Last Updated: February 25, 2016
·
3.6K
· Gabriel Falcão

raising UnicodeEncodeError and UnicodeDecodeError manually (for testing purposes)

When writing python unit tests it might be useful to synthesize the exceptions UnicodeEncodeError and UnicodeDecodeError.

Although those exceptions are special functions and take a few special arguments that are not found easily in the python documentation (other than C-API documentation)

Handy documentation for UnicodeEncodeError

arguments:

  • encoding name (bytestring, i.e b"utf-8") can be anything.
  • subject object (bytestring, i.eb"") it can actually be blank, makes no difference
  • start of the byte (int) the index with the position of the beginning of the supposedly unrecocnized byte
  • end of the byte (int) the index with the position of the end of the supposedly unrecocnized byte
  • exception message (bytestring. i.e: "oops it's buggy") can be anything

example usage:

UnicodeDecodeError('hitchhiker', b"", 42, 43, 'the universe and everything else')

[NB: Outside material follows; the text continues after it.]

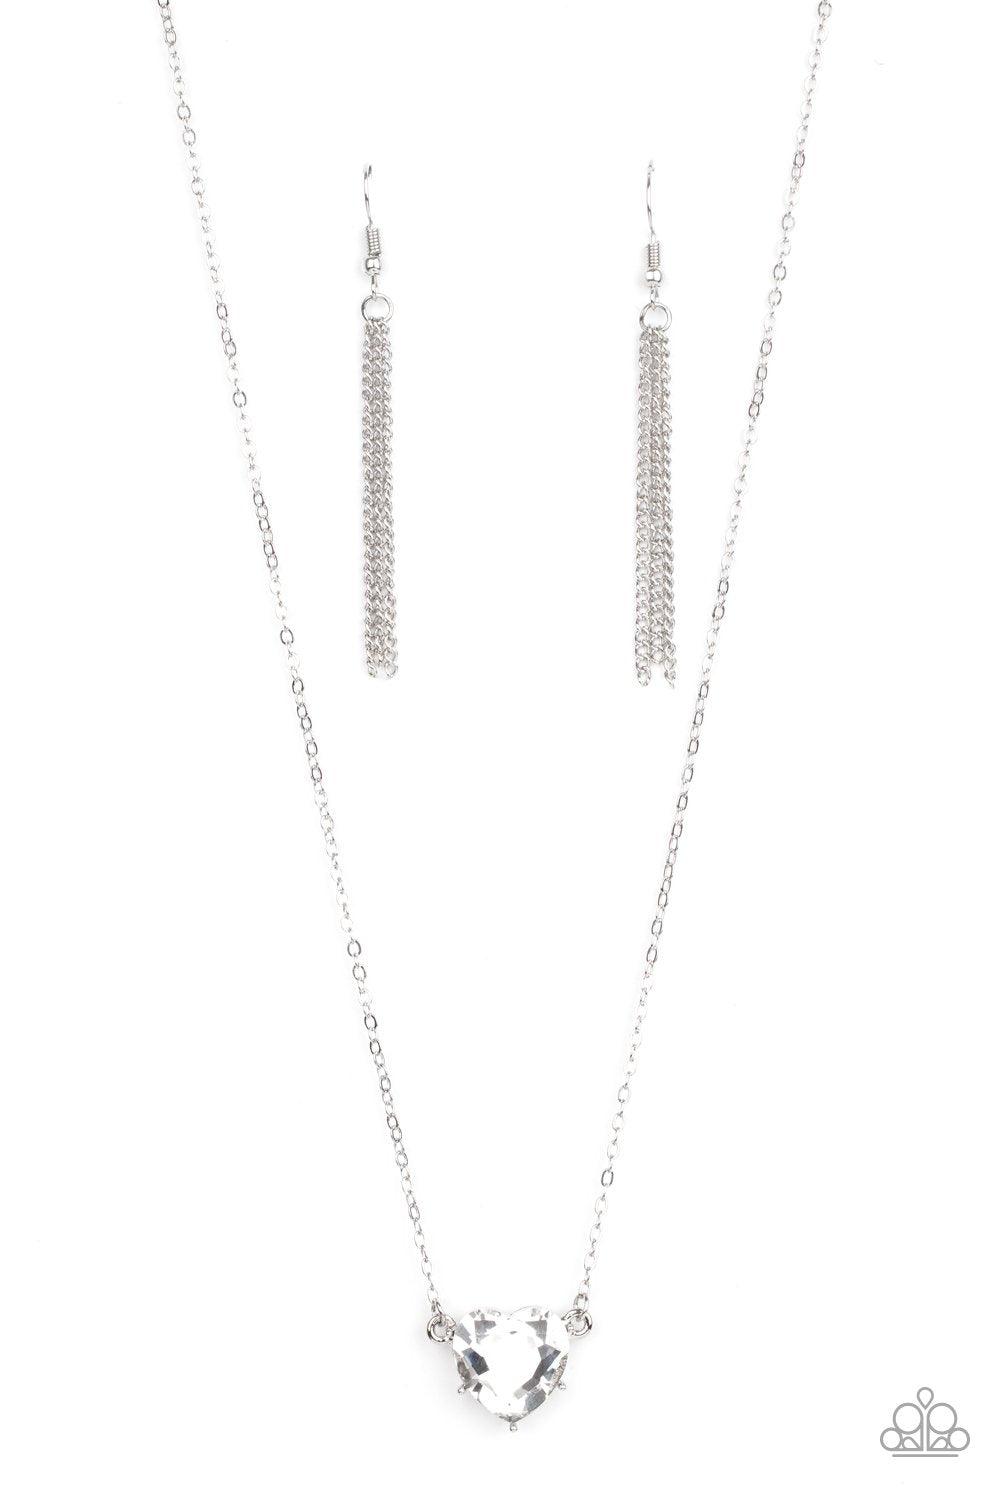 Paparazzi Accessories She Works HEART for the Money - White Cut into a flirtatious heart shape, a dramatically oversized white rhinestone pendant swings from the bottom of a dainty silver chain below the collar for a glamorous finish. Features an adjustab
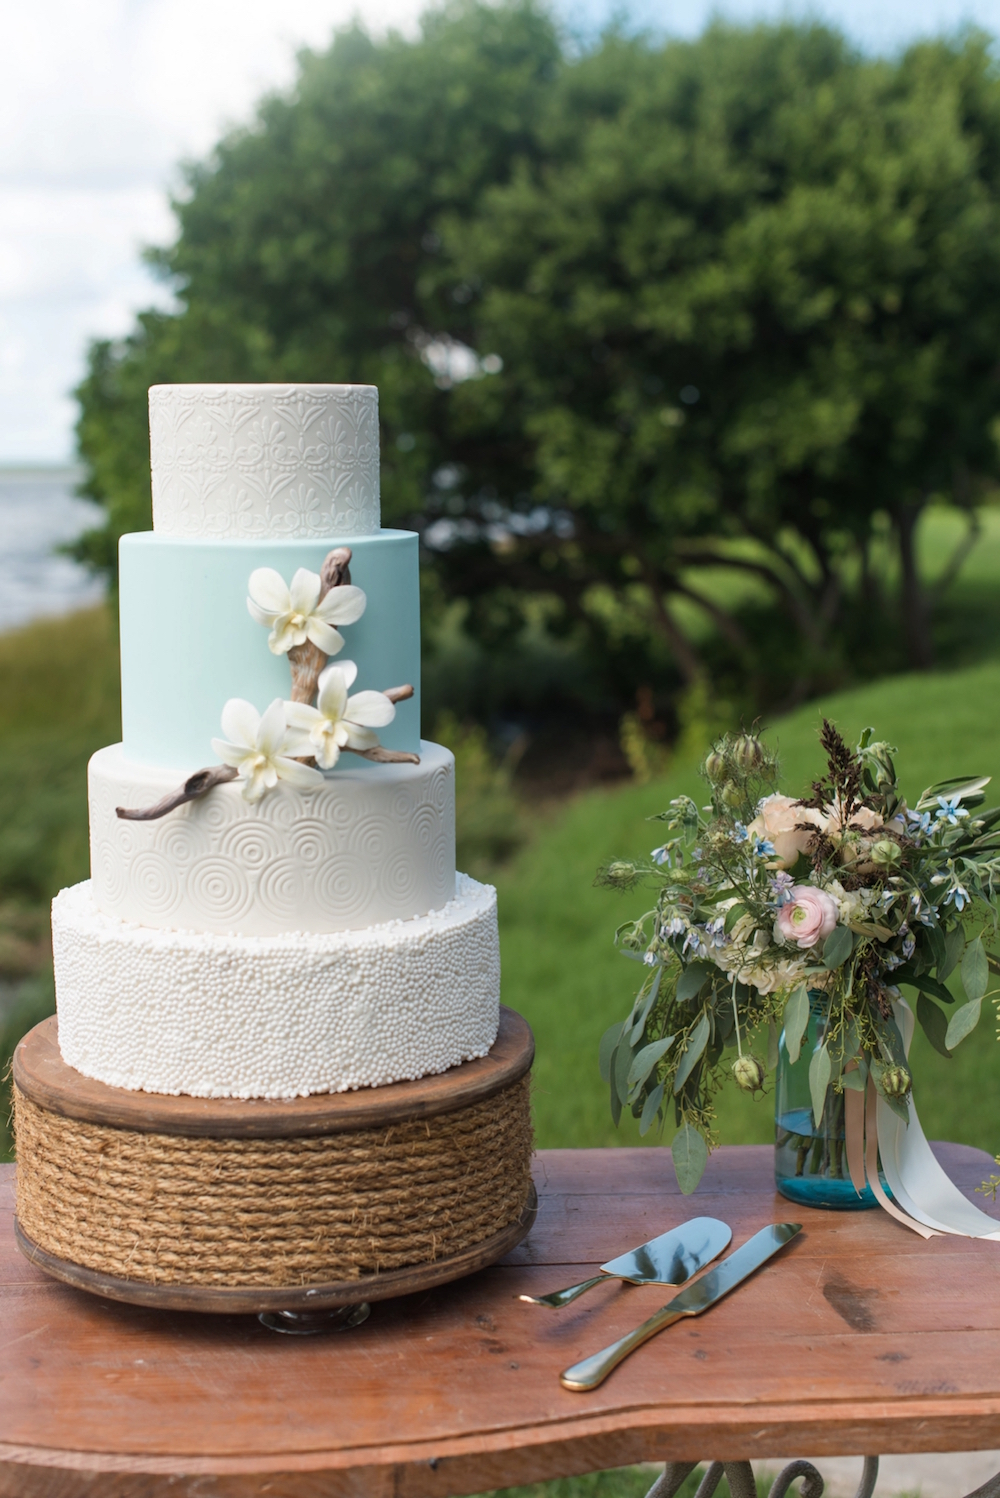  Coastal Chic Inspired Wedding Cake / photo by Caroline &amp; Evan Photography / cake by Hands on Sweets

Handy documentation for UnicodeEncodeError

Very similar to the UnicodeDecodeError but the subject object must
be an unicode object

arguments:

  • encoding name (bytestring, i.e b"utf-8") can be anything.
  • subject object (unicode string, i.eb"") it can actually be blank, makes no difference
  • start of the byte (int) the index with the position of the beginning of the supposedly unrecocnized byte
  • end of the byte (int) the index with the position of the end of the supposedly unrecocnized byte
  • exception message (bytestring. i.e: "oops it's buggy") can be anything

example usage:

UnicodeEncodeError('hitchhiker', u"", 42, 43, 'the universe and everything else')